Дипломная работа: Библия в системе поэтики романа Достоевского "Братья Карамазовы"
Среди прочих особенно интересной и полезной для нас выступает статья Г. Егоренковой “Поэтика сюжетной ауры в романе “Братья Карамазовы” (“Философские науки”, 2005, № 5), разрабатывающей множественность сюжетных планов и романа и способы их взаимодействия.

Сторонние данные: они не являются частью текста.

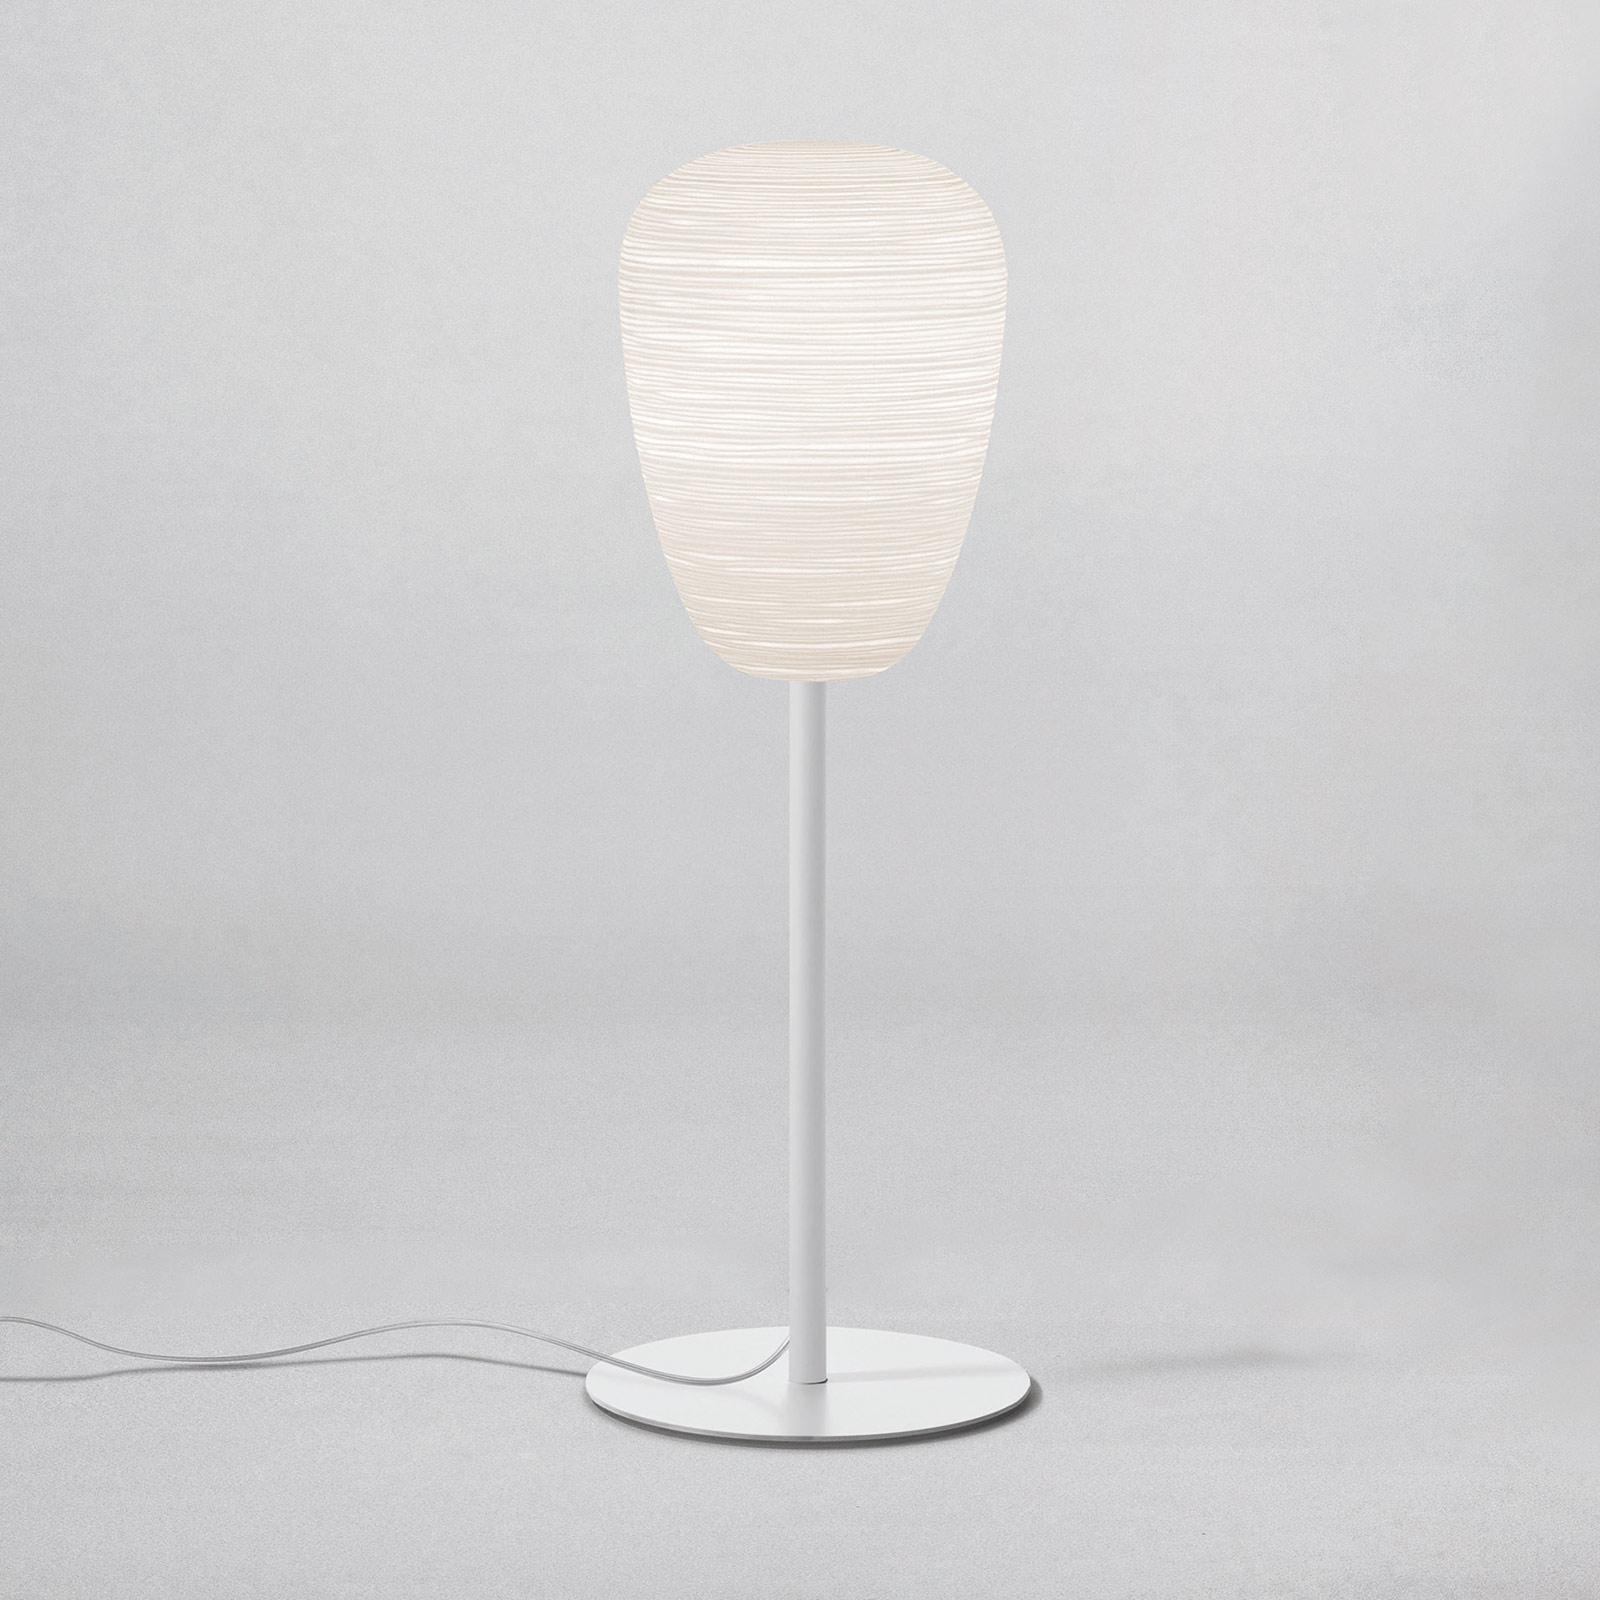 Foscarini Rituals 1 alta bordlampe, hvid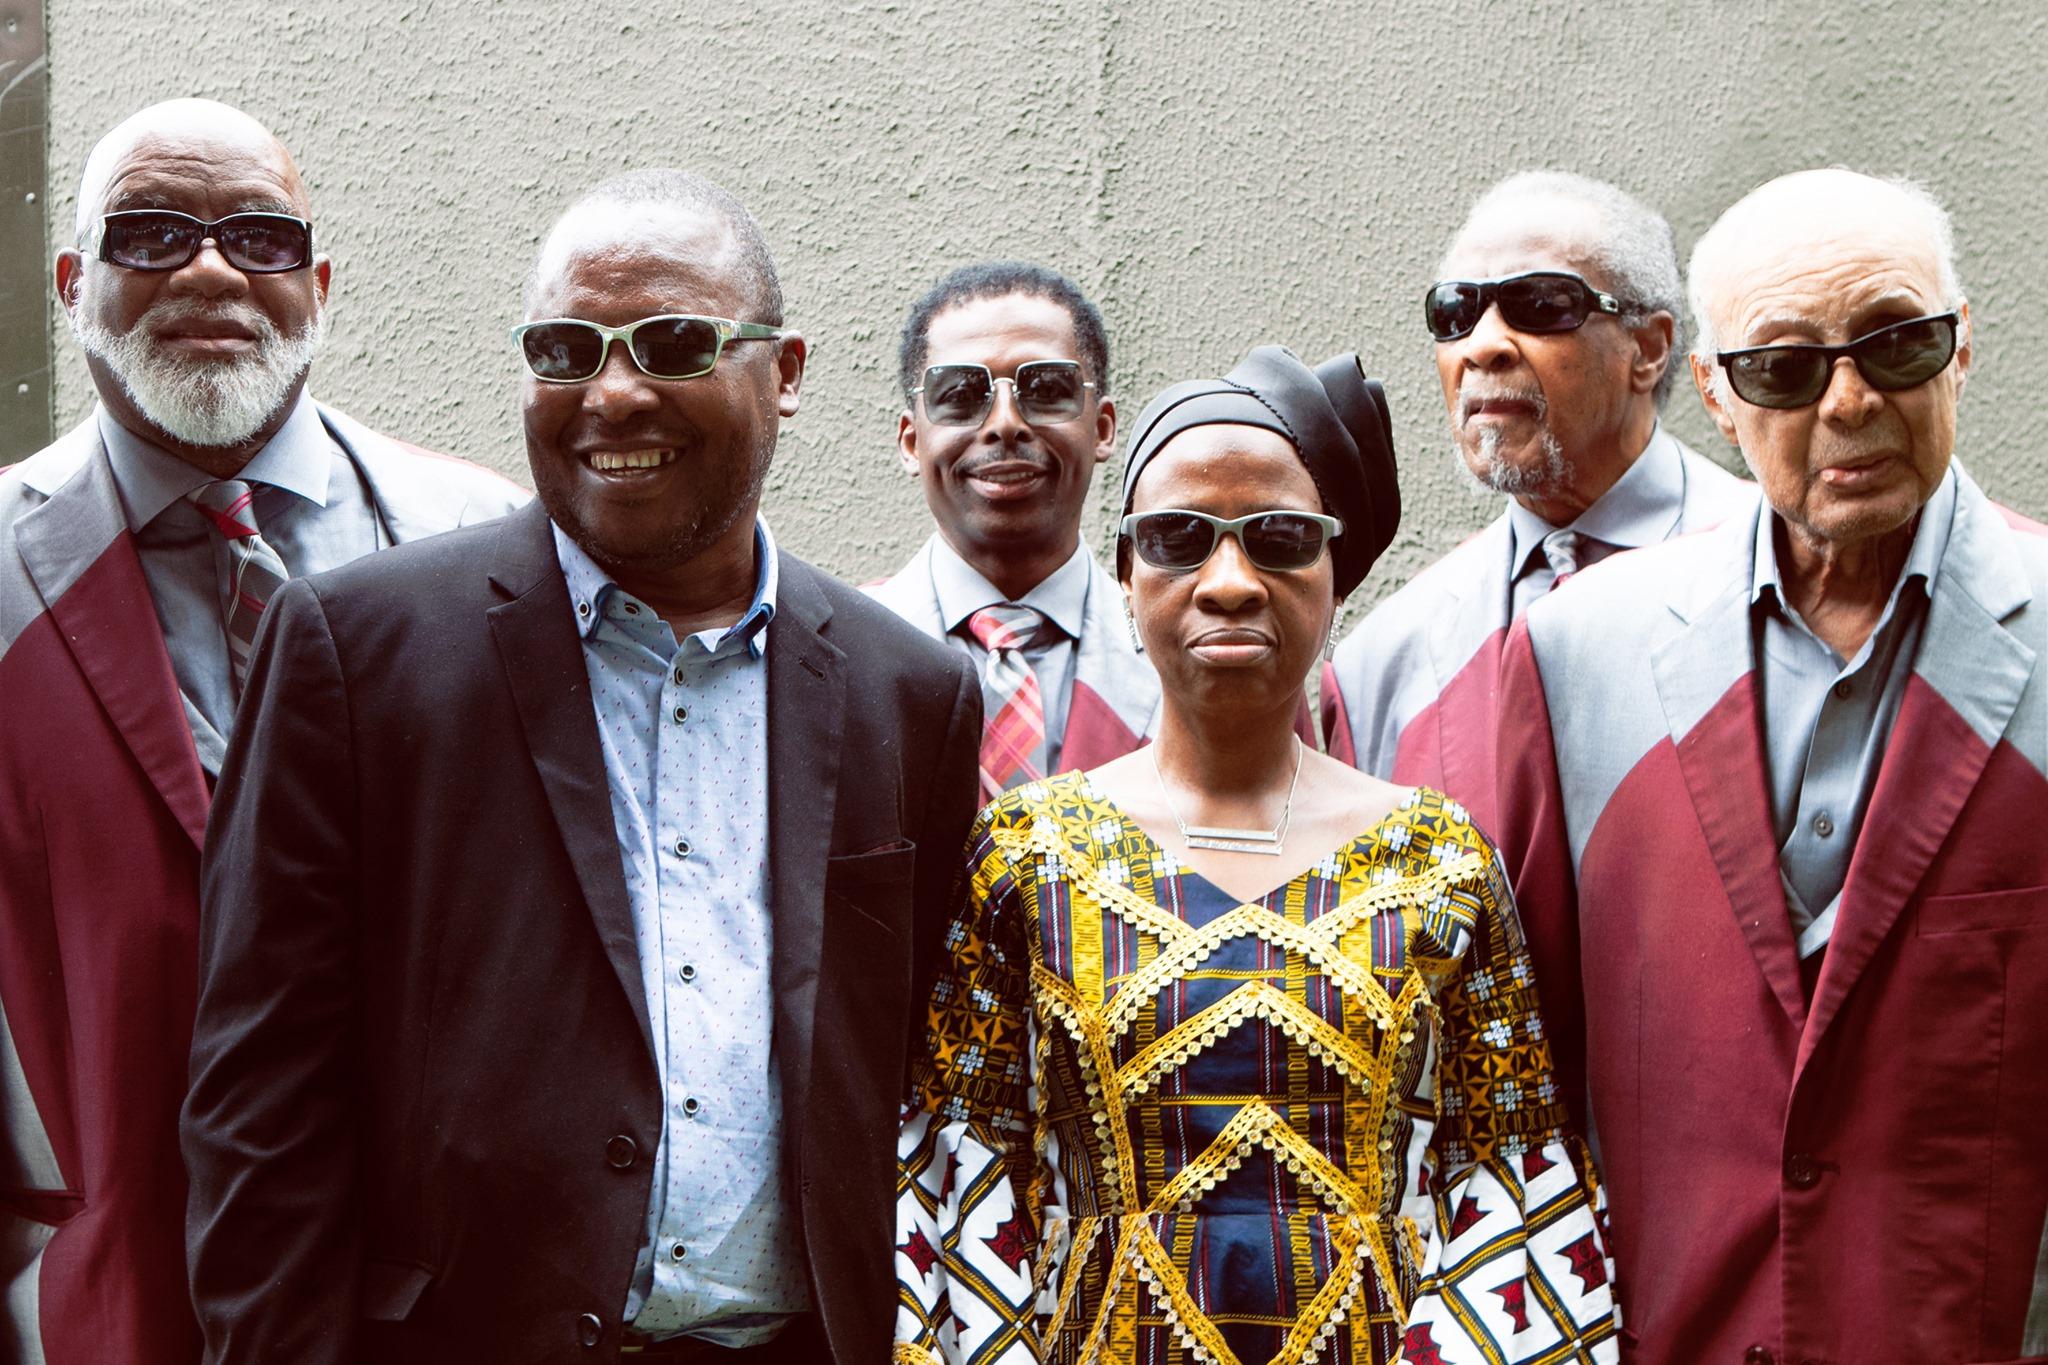 KONSERT: Amadou & Mariam och Blind Boys of Alabama - STOCKHOLM

Целый ряд работ, посвященных проблемам анализа системы изобразительно-выразительных средств в “Братьях Карамазовых” и идейно-тематического содержания романа, которое обуславливает выбор именно этих средств, появляется в серии Достоевский: Материалы и исследования, выходящей с 1972 г.:
Н. И. Пруцков “Достоевский и христианский социализм”. - Материалы и исследования. - Л., 1972, т. 1; Е. И. Семенов “К вопросу о месте главы “Бунт” в романе “Братья Карамазовы” - Л., 1976, т. 2; В. Е. Ветловская “Pater Seraphicus” - Л., 1983, т. 5; О. С. Соина “Исповедь как наказание в романе “Братья Карамазовы” - Л., 1985, т. 6. В 90-е годы количество публикаций по этому вопросу в серии еще более увеличивается:
Г. Б. Пономарева “Житийный круг Ивана Карамазова” - Л., 1991, т. 9; В. А. Михнюкевич “Духовные стихи в системе поэтики Достоевского“ - Л., 1992, т. 10; Л. А. Куплевацкая ”Символика хронотопа в романе “Братья Карамазовы” - Л., 1992, т. 10; Н. Ефимова “Мотив библейского Иова в “Братьях Карамазовых” - Л., 1994, т. 11; Н. Тихомиров “О “христологии” Достоевского - Л., 1994, т. 11 и др. Ряд положений этих работ в качестве теоретических обобщений были использованы при написании этого исследования. Помимо этого в работе использован ряд общих положений, почерпнутых в монографиях, посвященных вопросам структурно-семантической организации романов Достоевского, выявлению особенностей его художественного видения:
Г. Щенников Художественное мышление Ф. М. Достоевского. - Свердловск, 1978; Ю. Селезнев В мире Достоевского. - М., 1979; В. Одиноков Типология образов в художественной системе Достоевского. - Новосибирск, 1979; В. Кирпотин Мир Достоевского. Статьи. Исследования. - М., 1983; Р. Клейман Сквозные мотивы творчества Достоевского. - Кишинев, 1985.
Наследуя бахтинские традиции в понимании структурной организации художественных полотен Достоевского, авторы этих монографий исследуют отдельные соотносимые с текстом Библии сюжеты, мотивы, образы последнего романа писателя. Они подчеркивают лишь некоторые детали жанрово-композиционного и типологического родства текстов, которые разделяют тысячелетия.
Наиболее существенное значение для нас имеют в этом смысле работы Г. Померанца (Открытость бездне. Встречи с Достоевским. - М., 1990) и сборник статей уральских ученых (Творчество Достоевского: искусство синтеза. - Екатеринбург, 1991), где тема “библейское в системе романа Достоевского “Братья Карамазовы” раскрывается наиболее полно и последовательно. Литературоведов интересуют конкретные формы и способы включения библейских образов, мотивов, сюжетов, в образный строй “Карамазовых”, в речь персонажей, в сюжеты и отдельные эпизоды, в цветовую гамму романа и т.п.
Принимая многие основополагающие принципы этих работ, мы не можем однако не заметить, что некоторые из них в западном литературоведении уже давно общеизвестны. В то время как отечественная наука не имела возможности обращаться к творчеству Достоевского и объективно без партийно-идеологических шаблонов оценивать его творения, западные ученые активно исследовали произведения писателя, их формально-содержательные особенности, в том числе и в свете библейской традиции.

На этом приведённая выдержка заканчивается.